Con una dotazione di 150 milioni di euro, il contributo punta a sostenere l’acquisto di soluzioni nuove o migliorative rispetto a quelle già utilizzate, lasciando intuire che la vera partita non sarà solo “comprare tecnologia”, ma farlo in modo coerente, qualificato e con tempi ben preparati.

Per sapere come accedervi continuate a leggere qui sotto, altrimenti per avere informazioni sul bando per il commercio cliccate qui.

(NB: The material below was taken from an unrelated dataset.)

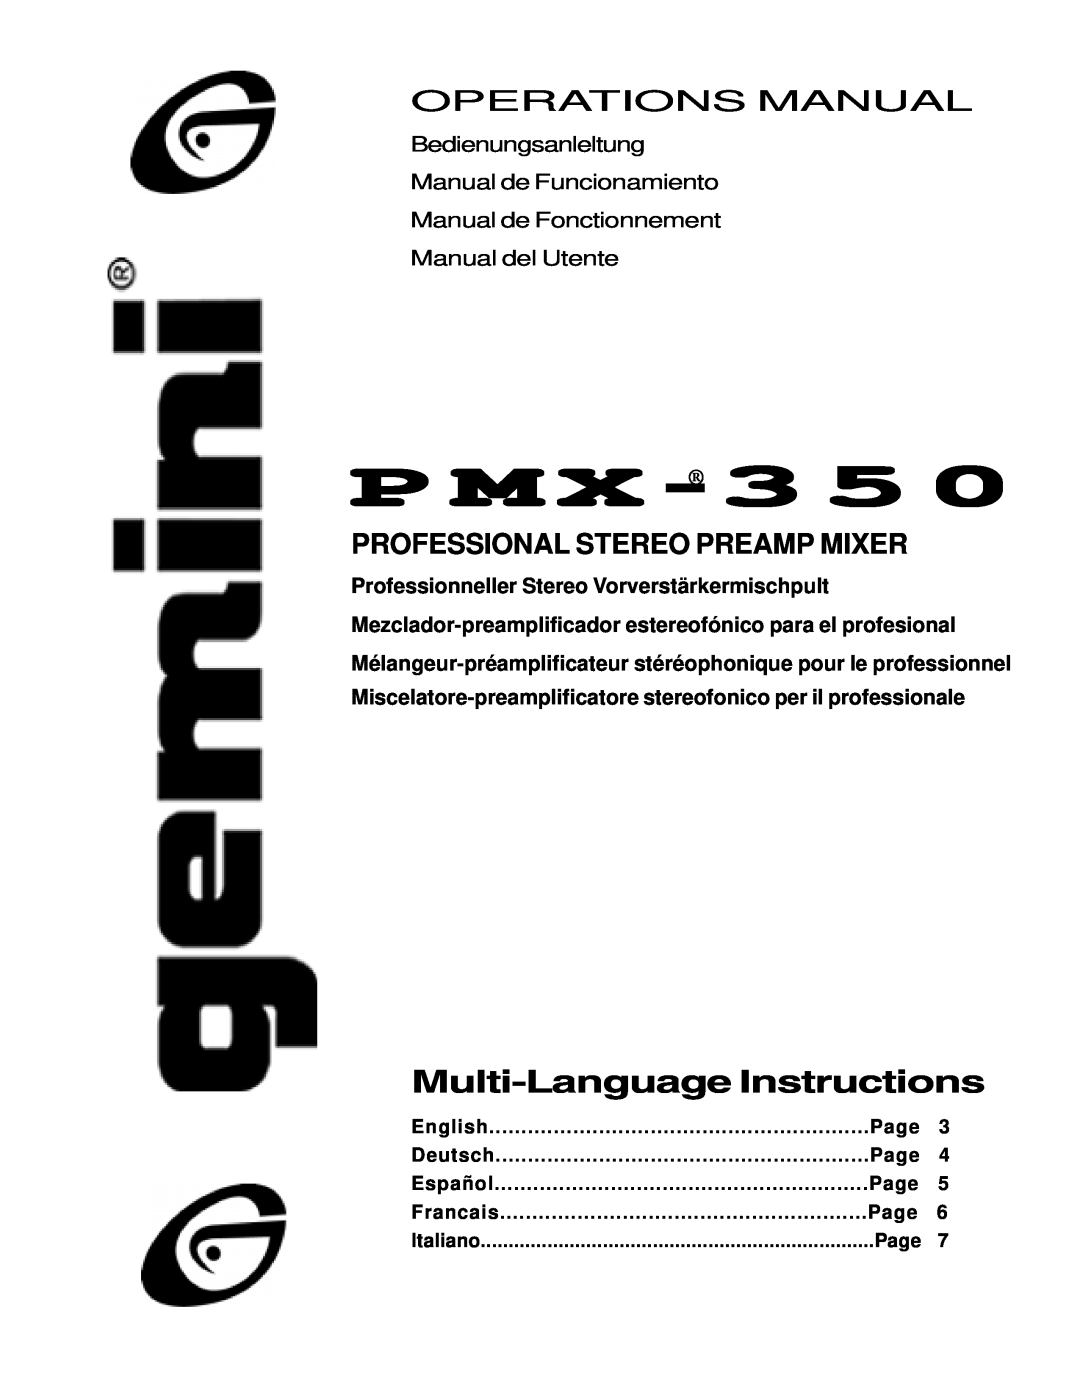 Gemini PMX-350 manual P M X - 3, Multi-LanguageInstructions, Operations Manual, Professional Stereo Preamp Mixer

Bonus cloud e sicurezza – il voucher

La misura si rivolge alle micro, piccole e medie imprese e ai professionisti operanti sul territorio nazionale.

Il contributo è concesso in regime de minimis e

copre il 50% delle spese ammissibili, con un tetto massimo di 20.000€.

Per accedere, però, non basta rientrare nella categoria dei beneficiari: servono alcuni requisiti precisi, tra cui:

  • attività regolarmente avviata
  • una connessione con velocità minima di 30 Mbps
  • la regolarità rispetto alla copertura assicurativa contro i danni da calamità naturali ed eventi catastrofali.

Anche la soglia economica merita attenzione, visto che

il progetto deve prevedere una spesa minima di 4.000€,

mentre l’erogazione può avvenire in un’unica soluzione oppure in due quote, in base allo stato di avanzamento dell’investimento.

Quali spese possono entrare nel progetto

Sul piano operativo, il perimetro delle spese è piuttosto ampio e consente di costruire interventi molto diversi tra loro.

Rientrano, ad esempio, le soluzioni hardware per la cybersecurity, come firewall, router o sistemi di prevenzione delle intrusioni, ma anche software dedicati alla protezione dei dati e delle reti, come antivirus evoluti, strumenti di monitoraggio, sistemi SIEM, crittografia e gestione della vulnerabilità.

Accanto alla componente difensiva, il voucher apre anche al cloud computing, sia dal lato infrastrutturale, con servizi come storage, backup, database e macchine virtuali, sia dal lato applicativo, con software gestionali, CRM, HRM, contabilità, e-commerce o CMS.

Possono inoltre essere ammessi i servizi specialistici di configurazione, supporto e monitoraggio continuativo, entro il limite del 30% del piano complessivo.

Restano escluse le spese di formazione.

Un aspetto centrale è che le soluzioni devono essere NUOVE, AGGIUNTIVE oppure significativamente PIÙ AVANZATE E SICURE rispetto a quelle già in uso.

Per gli acquisti diretti il piano deve chiudersi entro 12 mesi dalla concessione, mentre in caso di abbonamenti la durata contrattuale non può essere inferiore a 24 mesi.

Limiti e tempi

Uno dei profili più delicati riguarda i fornitori.

Le soluzioni agevolabili devono infatti essere acquistate da soggetti iscritti nell’apposito elenco ministeriale.

Questo significa che la partita si gioca in due tempi:

  1. prima viene costruito l’elenco dei fornitori autorizzati
  2. poi si aprirà la fase dedicata alle domande di PMI e professionisti.

Per i fornitori, la finestra di accreditamento chiuderà alle ore 12:00 del 23 aprile.

Per i beneficiari, invece, le date saranno definite successivamente, dopo la pubblicazione dell’elenco, con una procedura a sportello in ordine cronologico.

Il segreto è prepararsi prima: capire quali investimenti servono davvero, verificare i requisiti, individuare fornitori corretti e arrivare pronti quando il bando aprirà.